Another Giza voter, Cairo University civil engineering professor Ali Abdel-Azeem, said he voted for the best known pro-el-Sissi party list. “But honestly no one has a program and they are all saying the same thing,” he said.
There was a resolve among some voters Sunday to keep Islamists out of the legislature, with some saying they were casting ballots specifically to ensure that. Others were convinced that little will change with a new parliament, pointing to years of unfulfilled promises by candidates or a perceived lack of compassion by successive governments.
Morsi, the ousted president, hailed from the Muslim Brotherhood, which won every election since Mubarak’s February 2011 ouster and until his removal in July 2013. The ultraconservative Salafi party, which supported the ouster of its one-time ally Morsi, also fared well in the last parliamentary election.
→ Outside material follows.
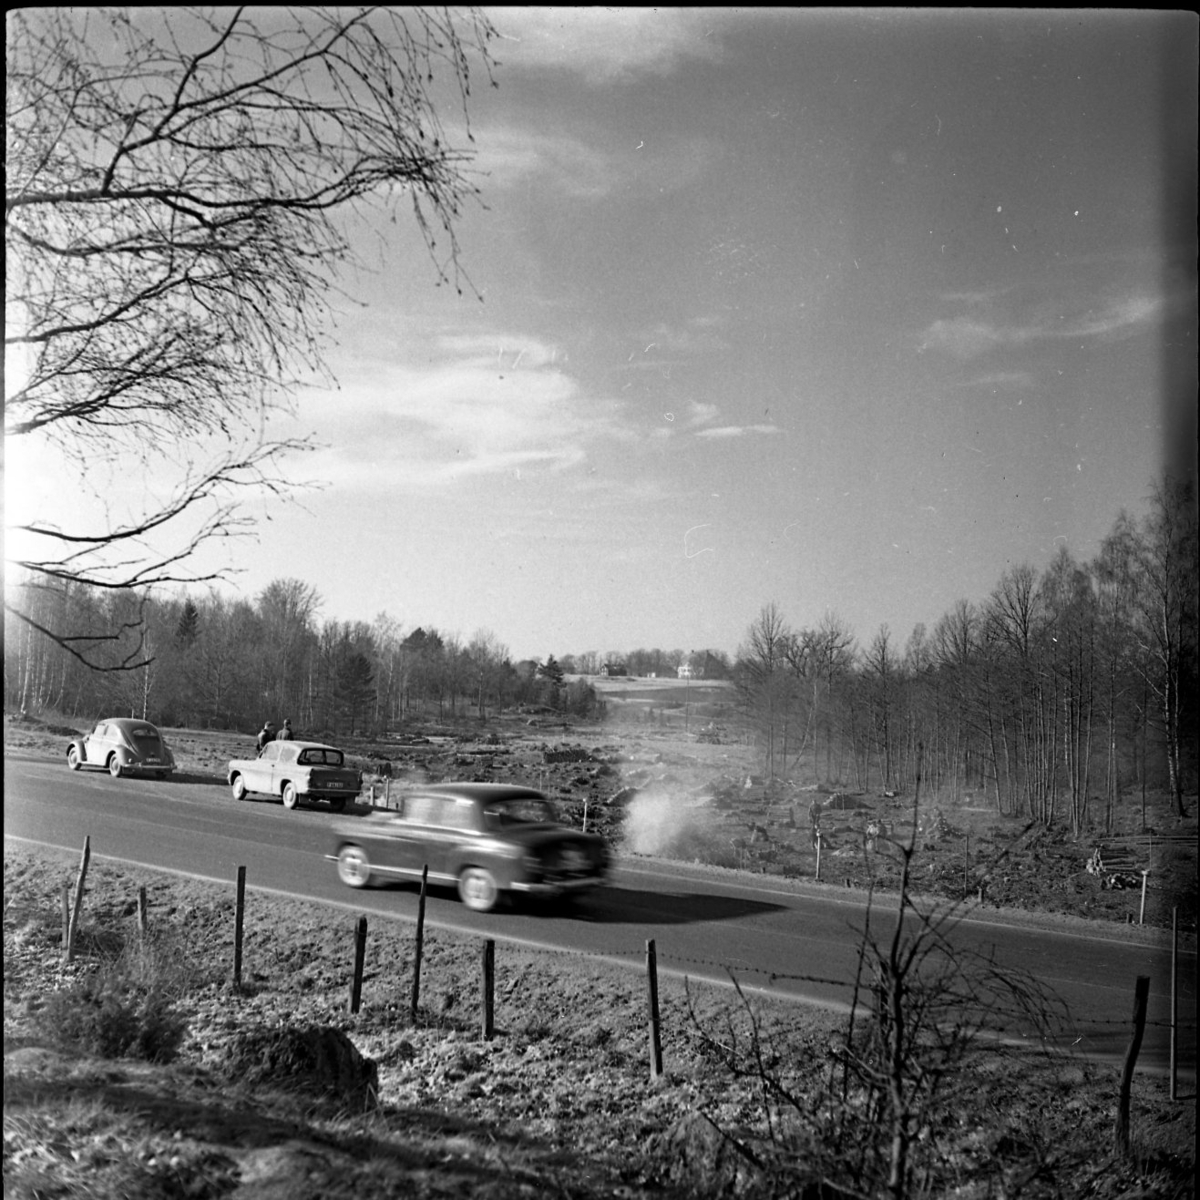 Vy mot rikshuvudväg 1. En bil fotograferas i farten. Bortanför vägen står arbetare och avverkar träd inför motorvägsbygge. I bakgrunden syns Västanå slott med flera byggnader.

It is running in this election.
“I came to vote because it is my duty. If not enough people show up to vote, the country will fall into the hands of the Brotherhood and the Salafis. Then we will have more of a mess,” said Nahed Aref, a retired jeweler, while waiting in line to cast her vote in the Giza District of Dokki.
Another retiree in Giza, Mamdouh Abdel-Aziz, 72, walked 30 minutes to reach his designated polling center and waited another 30 in line to cast his ballot.
“My hope is that the election will strengthen Egypt ... and that we aren’t controlled by someone with a beard or someone who uses religion for personal gain,” he said, alluding to Islamists.
But the daily grind of navigating Egypt’s seemingly endless problems was also on some minds.
“Not a single candidate even mentioned the water problem here,” said Sumaya Saleh, a pharmacy sales assistant who works near an Imbaba polling station but is abstaining from the vote. She held a cup of murky tap water to make her point.
“The only people voting are the rich or the ignorant,” she went on. “The former because parliament will serve their interests and the latter because they just do whatever they are told to do.”